Records for the task Block Start

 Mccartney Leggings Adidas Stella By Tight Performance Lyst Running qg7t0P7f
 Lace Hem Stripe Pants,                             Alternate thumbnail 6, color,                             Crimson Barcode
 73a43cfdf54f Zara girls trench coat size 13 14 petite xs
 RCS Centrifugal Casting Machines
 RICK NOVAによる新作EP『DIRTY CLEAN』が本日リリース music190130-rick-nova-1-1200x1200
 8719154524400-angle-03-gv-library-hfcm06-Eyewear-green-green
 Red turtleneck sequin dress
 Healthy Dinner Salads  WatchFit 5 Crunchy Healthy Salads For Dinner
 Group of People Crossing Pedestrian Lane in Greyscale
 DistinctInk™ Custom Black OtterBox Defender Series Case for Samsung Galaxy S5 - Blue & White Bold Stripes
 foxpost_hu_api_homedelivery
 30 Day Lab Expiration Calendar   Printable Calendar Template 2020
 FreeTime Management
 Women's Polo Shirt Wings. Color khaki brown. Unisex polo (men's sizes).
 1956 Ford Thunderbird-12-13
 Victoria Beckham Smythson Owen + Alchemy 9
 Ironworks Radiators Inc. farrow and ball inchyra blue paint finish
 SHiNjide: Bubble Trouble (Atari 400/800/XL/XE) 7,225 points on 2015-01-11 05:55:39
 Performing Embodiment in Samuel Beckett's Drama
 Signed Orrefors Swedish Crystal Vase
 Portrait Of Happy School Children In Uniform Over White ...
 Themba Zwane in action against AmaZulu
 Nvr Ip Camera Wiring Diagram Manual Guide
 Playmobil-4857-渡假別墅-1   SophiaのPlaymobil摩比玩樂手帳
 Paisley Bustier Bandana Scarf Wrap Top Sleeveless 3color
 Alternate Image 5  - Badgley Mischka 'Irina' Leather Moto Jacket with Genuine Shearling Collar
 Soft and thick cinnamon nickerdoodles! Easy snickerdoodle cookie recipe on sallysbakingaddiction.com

Records for the task Block End

**Work task**
Look for the string "White" in the records, and copy every line where it is found.

**Reply**
 DistinctInk™ Custom Black OtterBox Defender Series Case for Samsung Galaxy S5 - Blue & White Bold Stripes
 Portrait Of Happy School Children In Uniform Over White ...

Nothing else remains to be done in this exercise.